__REQUIRED WORK__:
Return the whole listing, line for line, without the pictures in it.

__SOURCE DATA__:
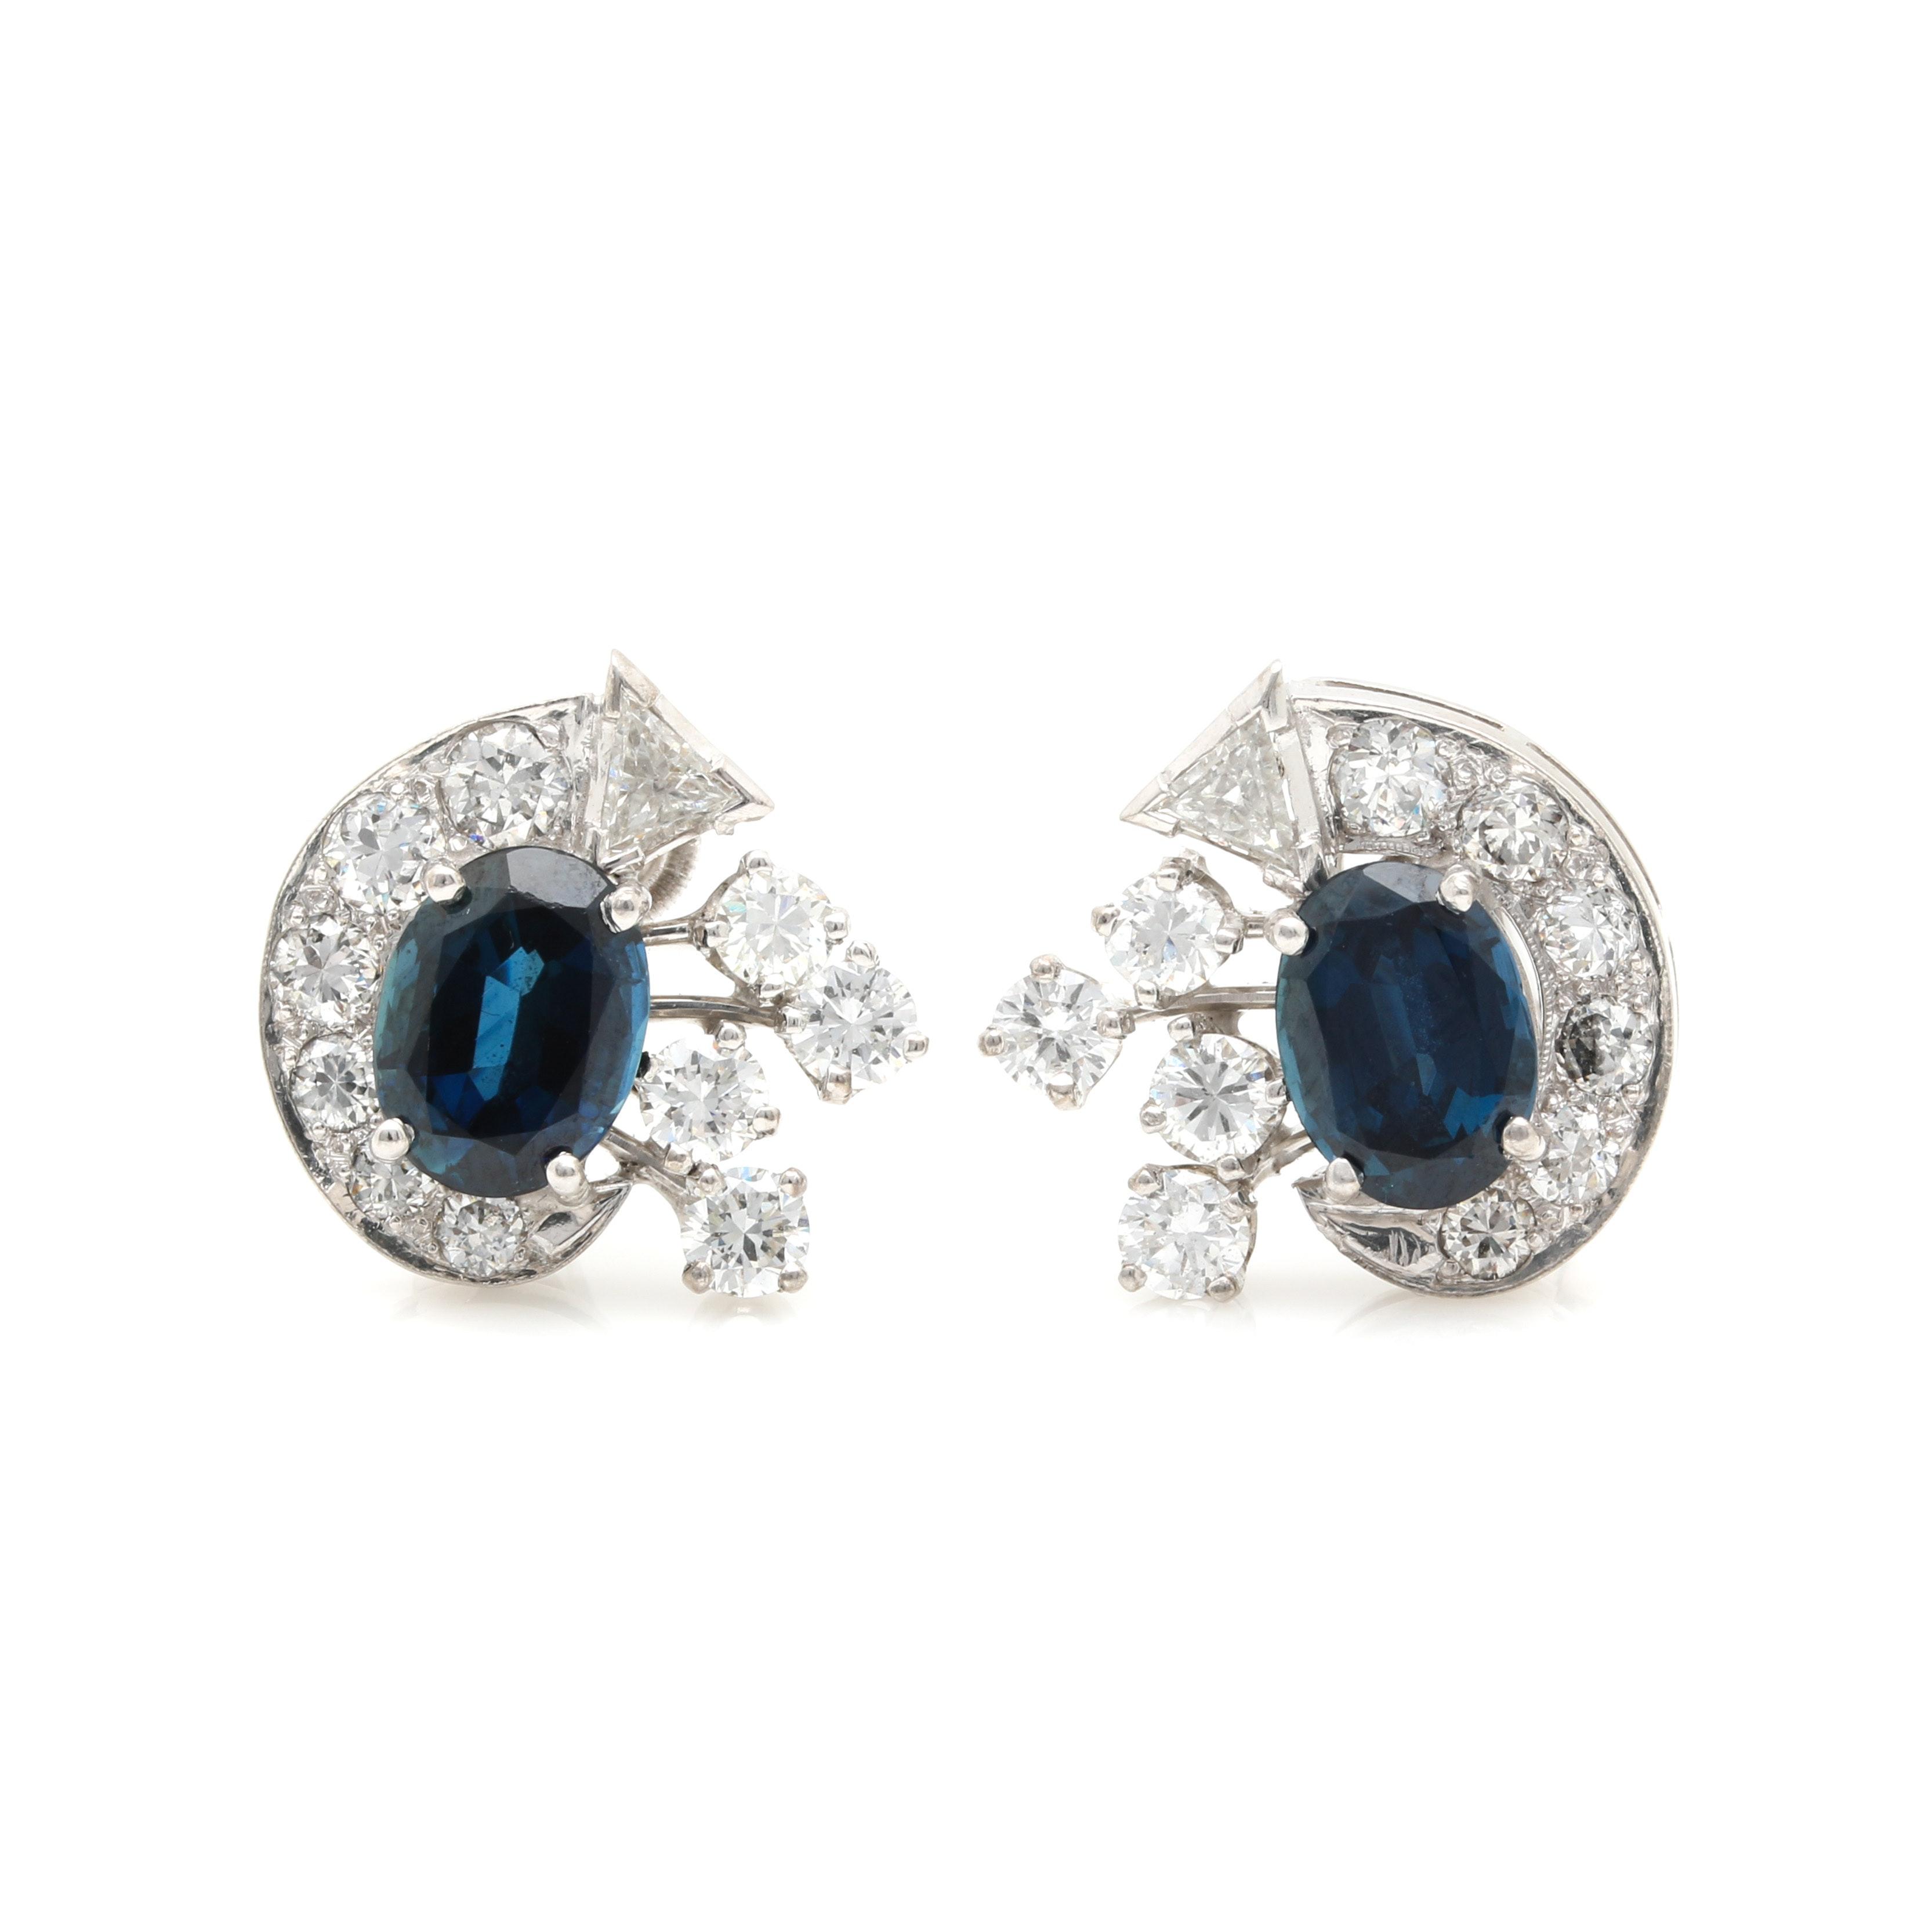 Platinum 5.00 CTW Sapphire and 2.48 CTW Diamond Earrings
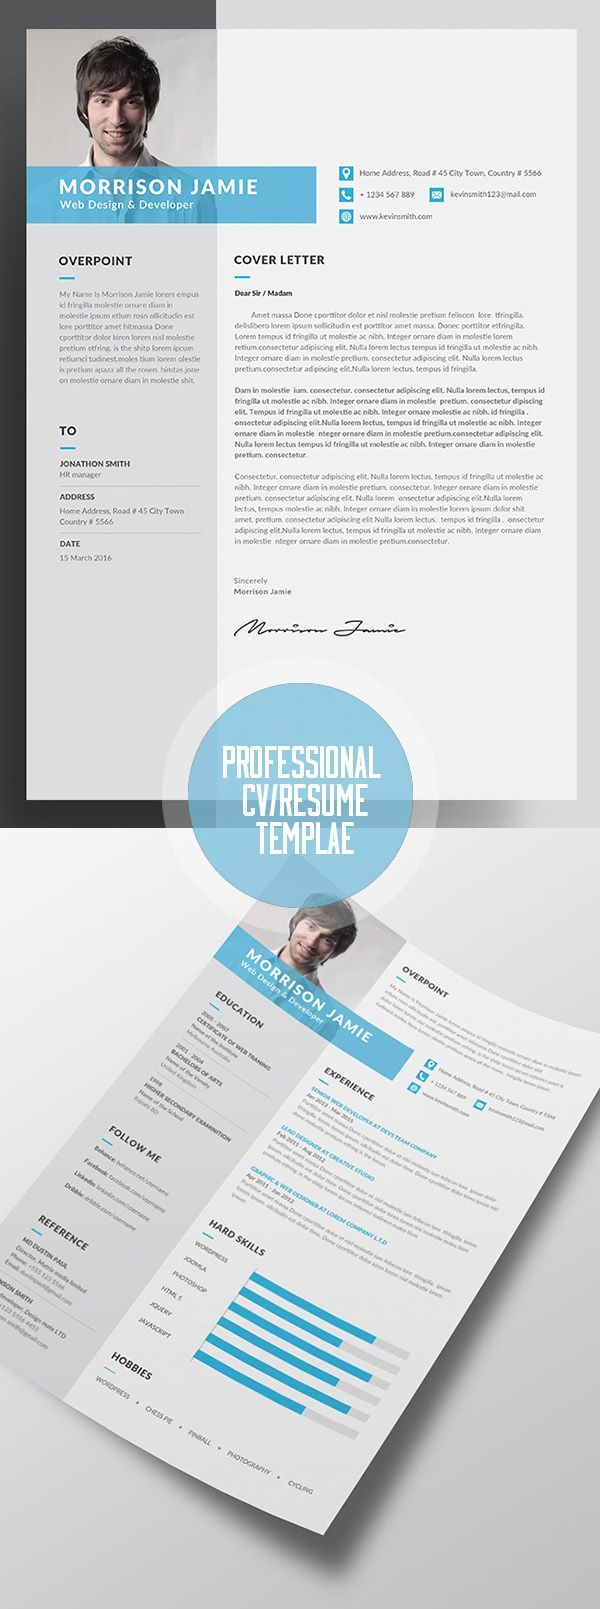 Professional Resume CV Template 100 best
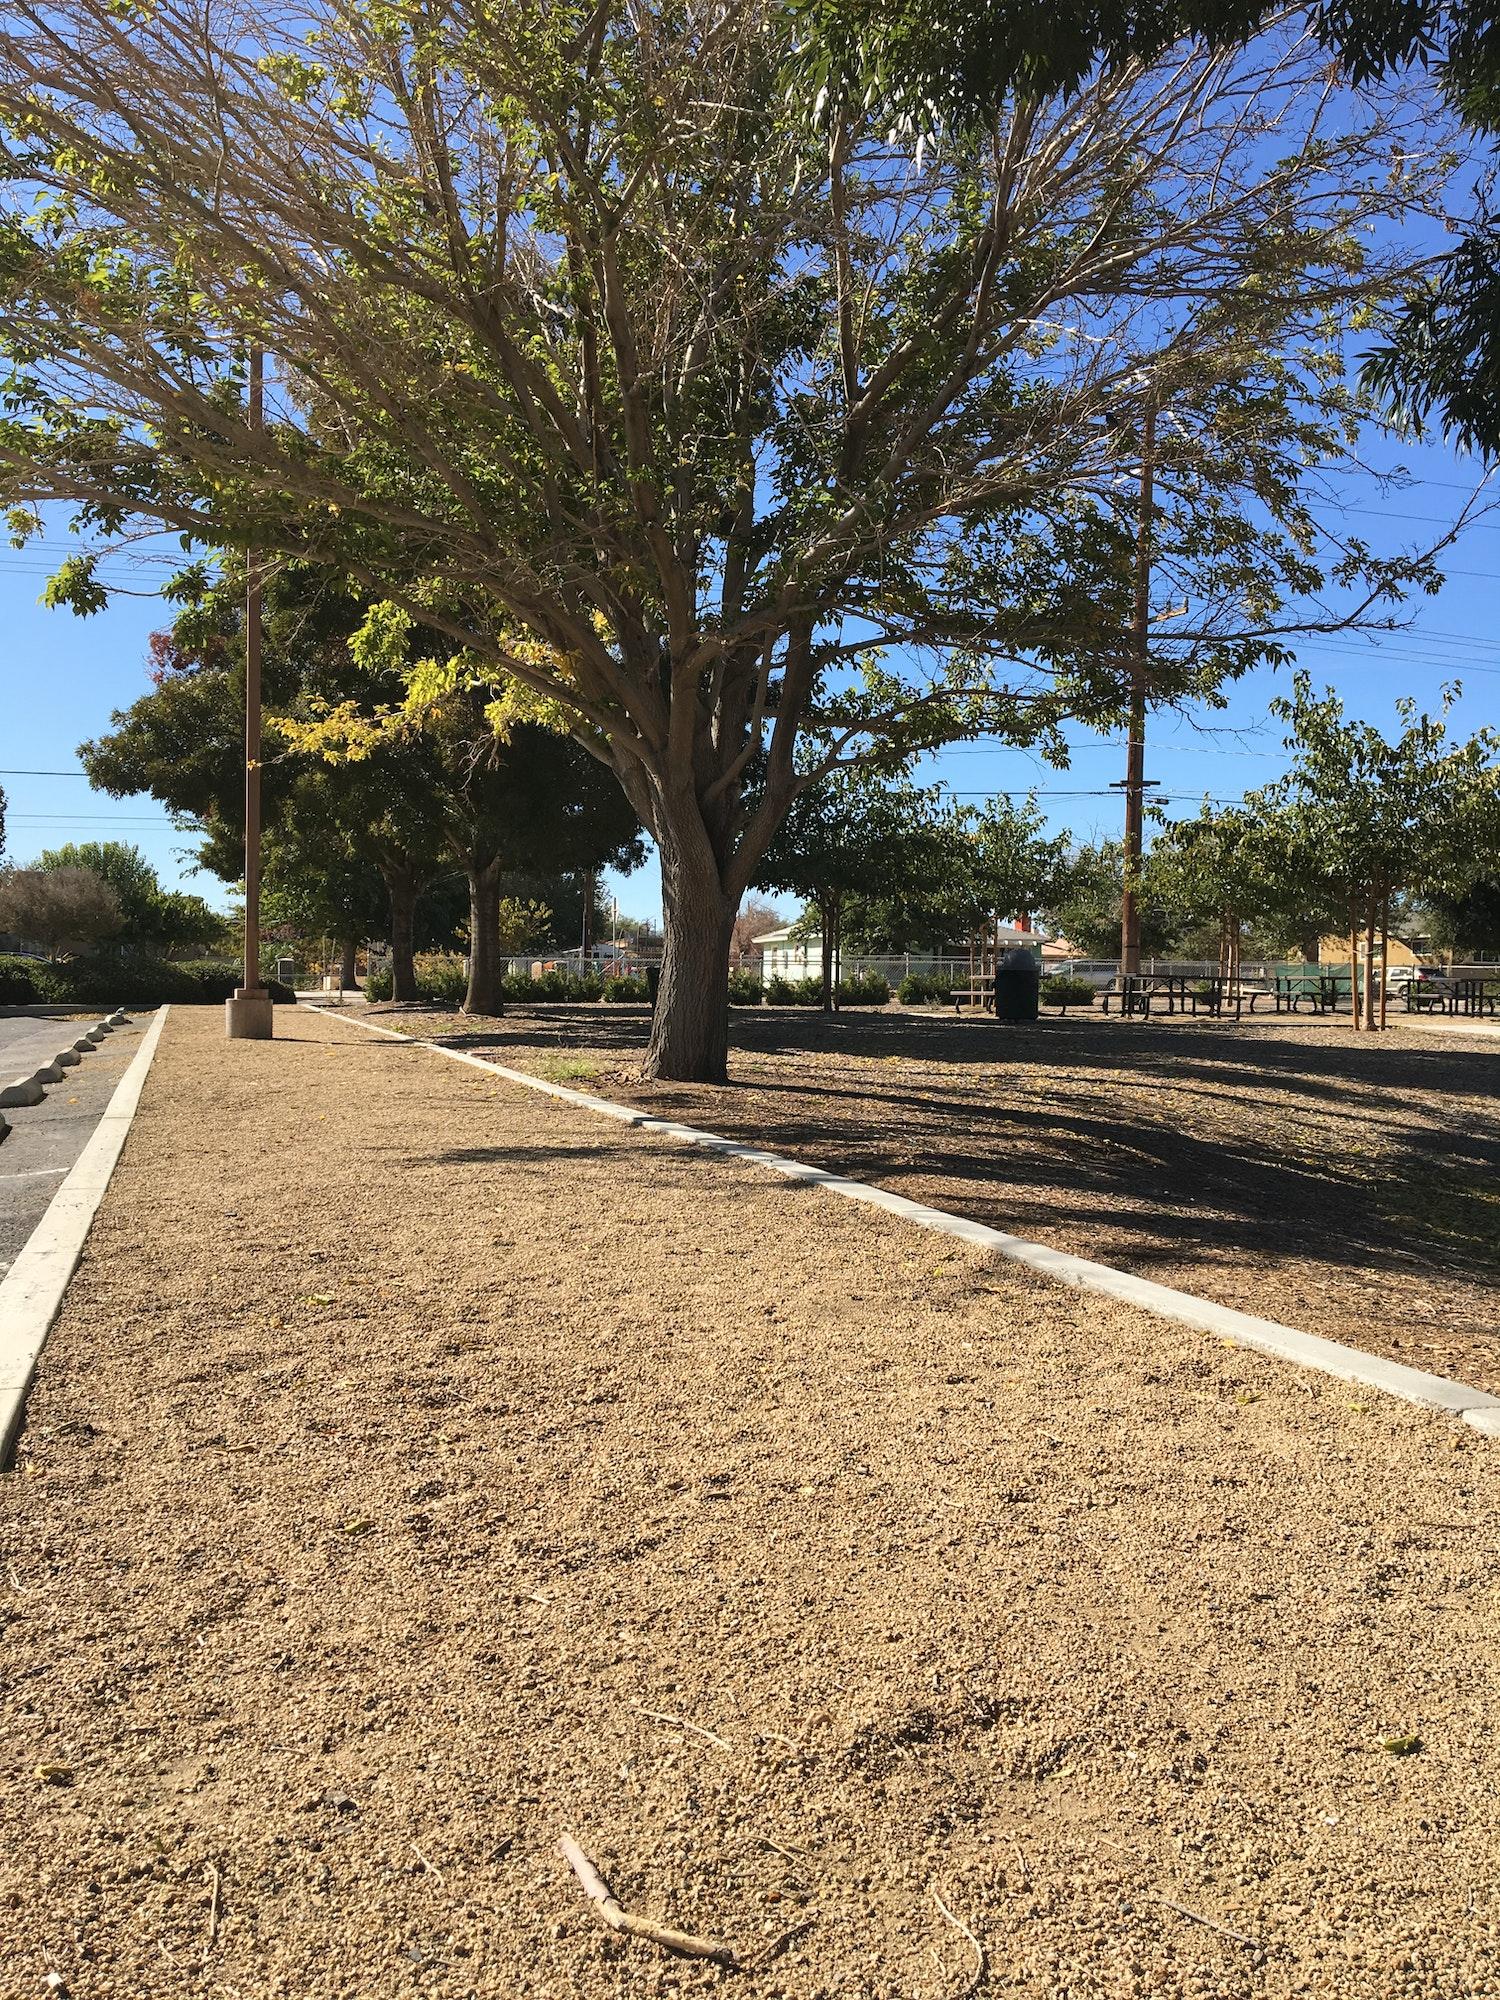 May contain: road, asphalt, tarmac, plant, tree, dirt road, and gravel

__SOLUTION TO THIS TASK__:
 Platinum 5.00 CTW Sapphire and 2.48 CTW Diamond Earrings
 Professional Resume CV Template 100 best
 May contain: road, asphalt, tarmac, plant, tree, dirt road, and gravel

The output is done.